Terms of Service

(Between Colvent Group, Inc. and Trust Company Client)

1. Purpose and Scope

The general terms and conditions under which Colvent Group, Inc. will provide property inspection, consulting, coordination, maintenance, and related management services for multifamily or residential real estate owned, managed, or held in trust by Client (“Properties”). These services are intended to assist Client in fulfilling regulatory and fiduciary obligations, including compliance with inspection standards of the Office of the Comptroller of the Currency (“OCC”) and related guidelines applicable to trust asset management.

2. Term of Agreement

The Effective Date and continue for one (1) year, automatically renewing each year unless either Party provides thirty (30) days’ written notice of termination via certified mail.

3. Authorization of Services

Each engagement shall be documented through a written contract executed by both Parties referencing these terms of service and specifying: (i) service level (Blanket, Per-Property, or Add-On), (ii) covered properties with specific addresses, (iii) detailed scope of services, (iv) applicable fees and payment terms, and (v) any special conditions or modifications to the contract terms. No work shall begin until a contract is fully executed by authorized representatives of both Parties. Electronic signatures shall be deemed valid and binding.

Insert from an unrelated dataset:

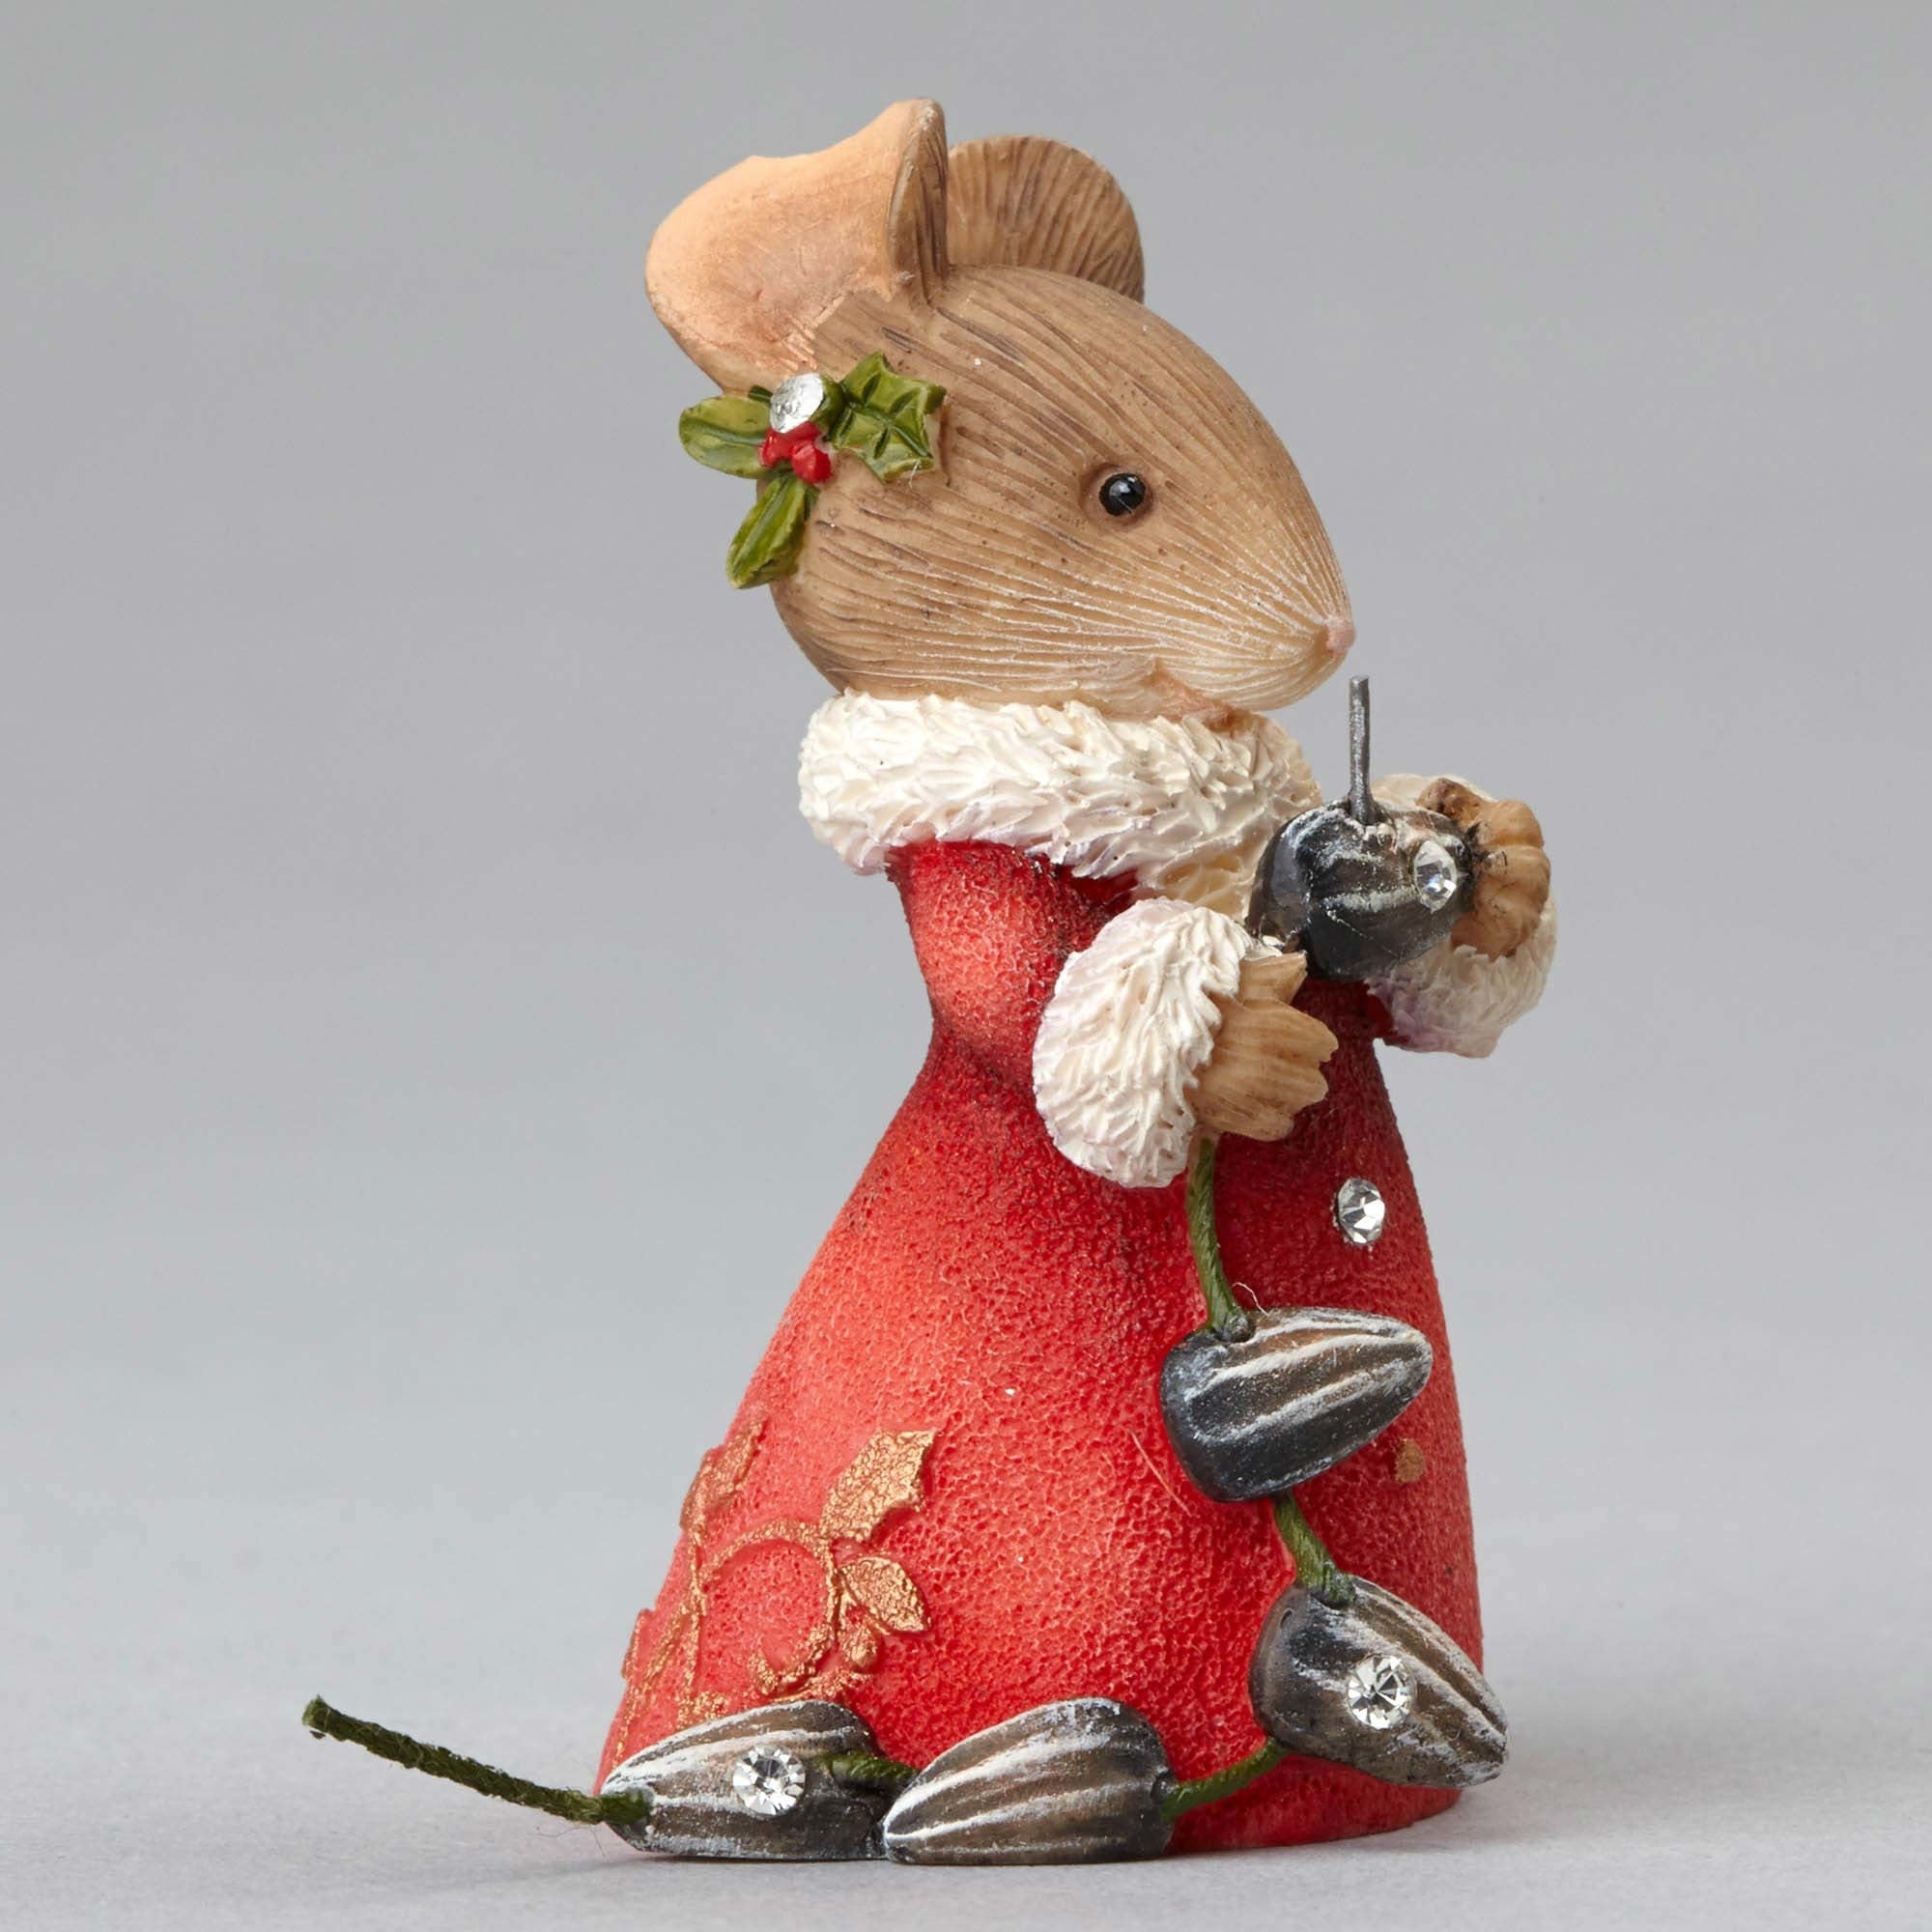 Mouse Making Garland with Seeds by Heart of Christmas

4. Compliance with Industry Inspection Standards

Colvent Group, Inc. shall perform its services in compliance with: (i) applicable industry best practices and property inspection and maintenance standards for residential real estate securing fiduciary or mortgage assets, and (ii) any specific standards or requirements communicated in writing by Client.  Colvent Group, Inc. shall cooperate with Client in providing documentation necessary for regulatory inspection compliance or audits within ten (10) business days of written request, or sooner if required by regulatory deadlines.

5. Billing and Payment

Invoices shall follow Appendix A and applicable Addendums and shall include sufficient detail to identify the services performed, dates of service, property address, and calculation of charges. Payment is due within ten (10) days of invoice date. ACH is preferred; credit cards accepted with a 5% convenience fee. Late payments accrue interest at 1.5% per month (18% per annum) or the maximum rate allowed by Illinois law, whichever is less. Client may dispute any invoice in good faith by providing written notice within ten (10) days of receipt, and payment of the disputed amount shall be withheld pending resolution without accruing late fees.

6. Insurance

Colvent Group, Inc. shall maintain throughout the term of this Agreement: Commercial General Liability insurance with limits of not less than $1,000,000 per occurrence and $2,000,000 aggregate, Comprehensive Auto Liability insurance with limits of not less than $1,000,000 per occurrence, Workers’ Compensation insurance as required by Illinois law, and Professional Liability/Errors & Omissions insurance with limits of not less than $500,000 per claim and in the aggregate. Any subcontractors engaged by Colvent Group, Inc. must maintain insurance coverage comparable to that required of Colvent Group, Inc. hereunder, and Colvent Group, Inc. shall provide evidence of such coverage upon Client’s request.

7. Independent Contractor

Colvent Group, Inc. acts solely as an independent contractor and not as an agent, employee, partner, or joint venturer of Client. Colvent Group, Inc. shall not have authority to bind Client to any obligation or make any representation on behalf of Client except as specifically authorized in writing by an authorized officer of Client. Colvent Group, Inc. shall be solely responsible for all taxes, withholdings, and other statutory obligations relating to its personnel and subcontractors.

8. Confidentiality

Colvent Group, Inc. acknowledges that in the course of performing services under contract, it may receive or have access to confidential and proprietary information of Client, property information, and other non-public information (collectively, “Confidential Information”). Colvent Group, Inc. shall: (i) maintain the confidentiality of all Confidential Information using the same degree of care it uses to protect its own confidential information, but in no event less than reasonable care; (ii) not disclose Confidential Information to any third party except to its employees, agents, or subcontractors who have a need to know such information to perform services hereunder and who are bound by confidentiality obligations at least as restrictive as those contained herein; and (iii) not use Confidential Information for any purpose other than performing services under executed contract. Colvent Group, Inc. may disclose Confidential Information to the extent required by law, court order, or regulatory authority, provided that Colvent Group, Inc. provides Client with prompt written notice of such requirement (unless prohibited by law) to allow Client to seek a protective order. These confidentiality obligations shall survive termination of executed contracts for a period of five (5) years.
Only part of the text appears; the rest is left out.